•  Gurobi Staff

Hi Zohar,

If your matrix is totally unimodular you should be able to relax integrality restrictions (binary variables are just continuous between 0 and 1) and still have an integer solution.

Cheers,
David

• Interesting. I quoted this in the math link.

I did a preliminary check, relaxing the binary vars to real in [0,1], and rounding the solution. For 20 iterations (I'm solving this problem repeatedly), the constraints held, but then they failed. I haven't looked into it yet (or checked for unimodularity).

However, the time it took to solve the relaxed problem was the same as the binary one. I suspected that I might have an easy, special case here since it found an optimal solution (to the binary problem) so quickly (under a second for a moderate size problem).

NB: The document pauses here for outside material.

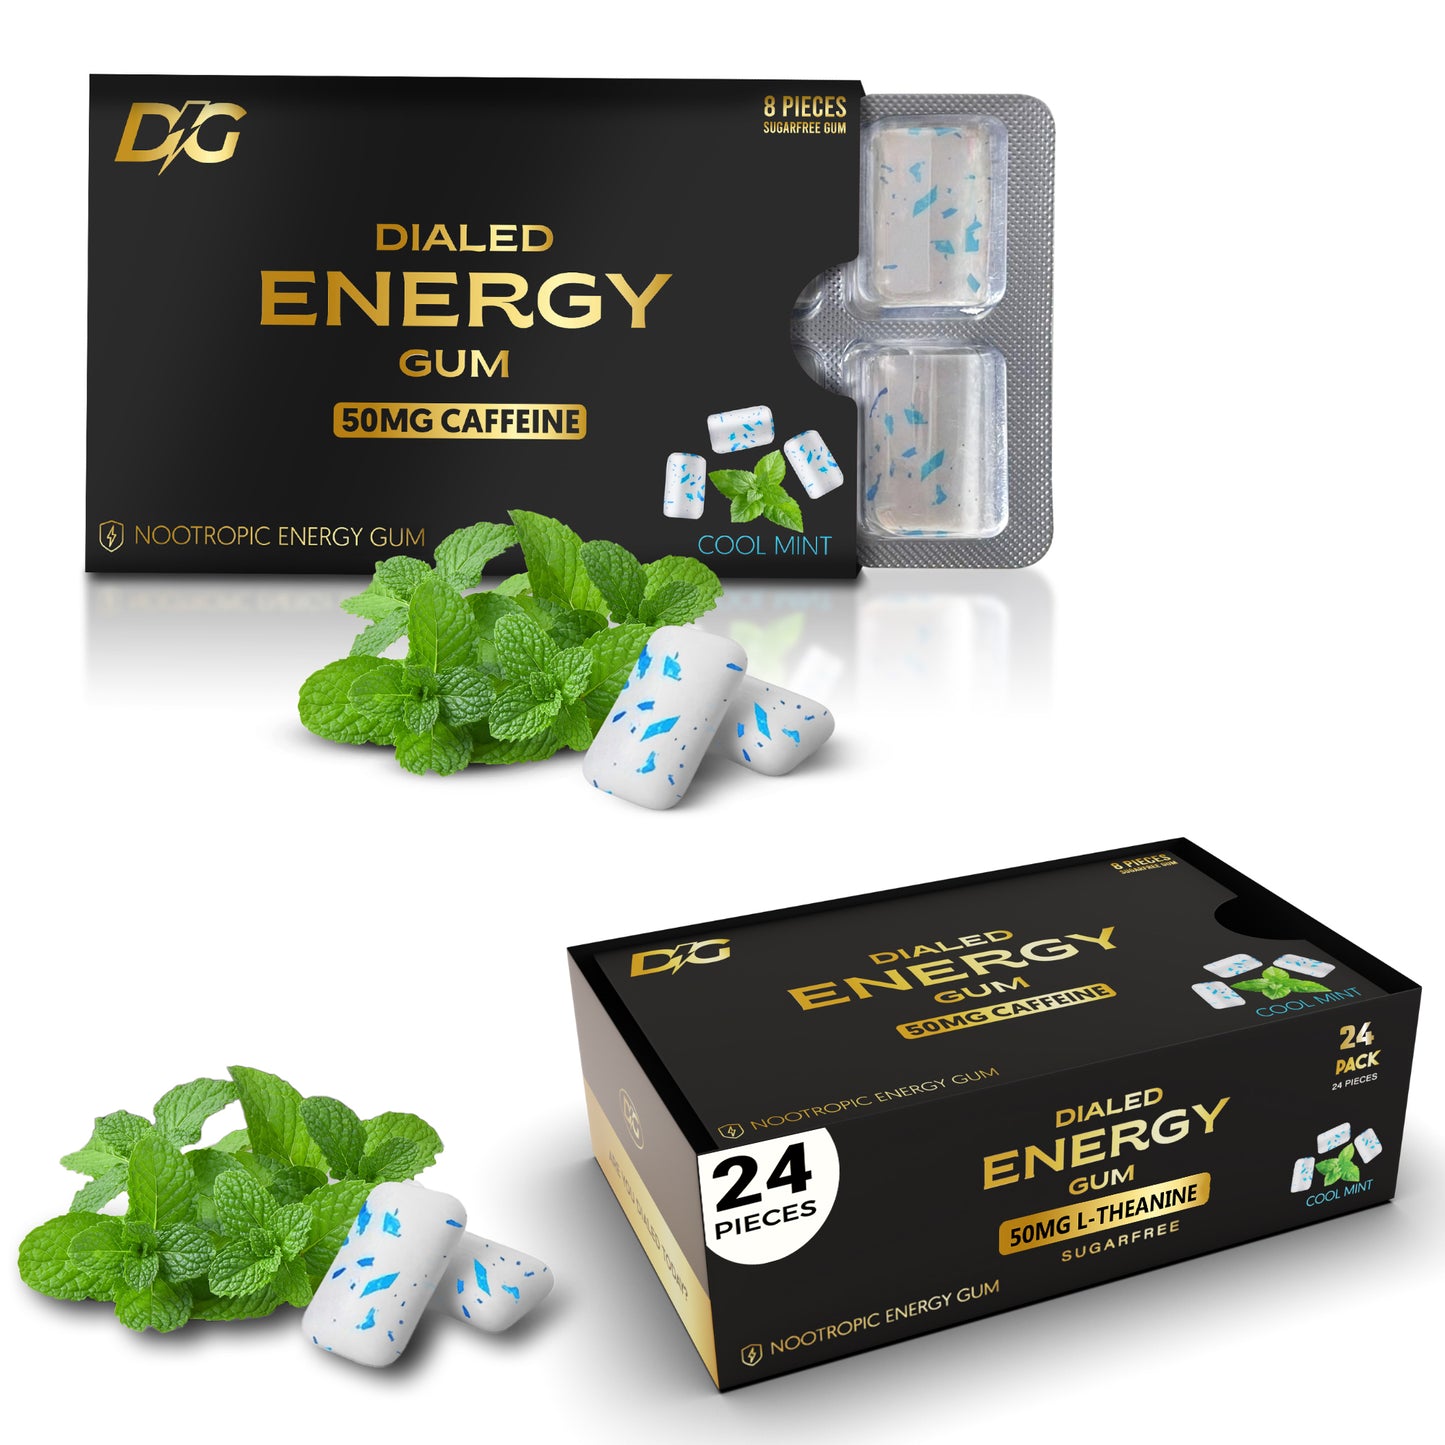 Dialed Energy Gum

I noticed that it "Found heuristic solution," which is returned as optimal. How can I find details on this heuristic?

•  Gurobi Staff

I did a preliminary check, relaxing the binary vars to real in [0,1], and rounding the solution. For 20 iterations (I'm solving this problem repeatedly), the constraints held, but then they failed. I haven't looked into it yet (or checked for unimodularity).

You need to ensure that indeed the matrix is totally unimodular after every iteration (not sure whether the changes you are making will affect this) to use this approach.

However, the time it took to solve the relaxed problem was the same as the binary one. I suspected that I might have an easy, special case here since it found an optimal solution (to the binary problem) so quickly (under a second for a moderate size problem).

Of course, this can be the case for small problems, you will see a benefit for larger cases.
You could try solving the problem normally with binary variables for now and revisit this if it becomes a performance issue. Gurobi will make some deductions.

I noticed that it "Found heuristic solution," which is returned as optimal. How can I find details on this heuristic?

This only happens for easy + small models. Gurobi uses several heuristics and one cannot find out which one produced this solution.
Not sure how useful this would be but you can try playing around with the heuristic-related parameters (e.g. set Heuristics to 0).

Cheers,
David

• Unimodularity: of course, I just haven't got to it yet.

What I meant was since the problem is solved so quickly, then perhaps there's a special case here, where I can achieve a faster solution using a specific method. One thing that you suggested was unimodularity. In my other thread, I suggest other things such as Smith normal form. I assume you don't deal with those, but only with unimodularity.

I set heuristics=0, and it didn't affect the run time. So it isn't something special that you do, but the usual branch and bound is effective enough.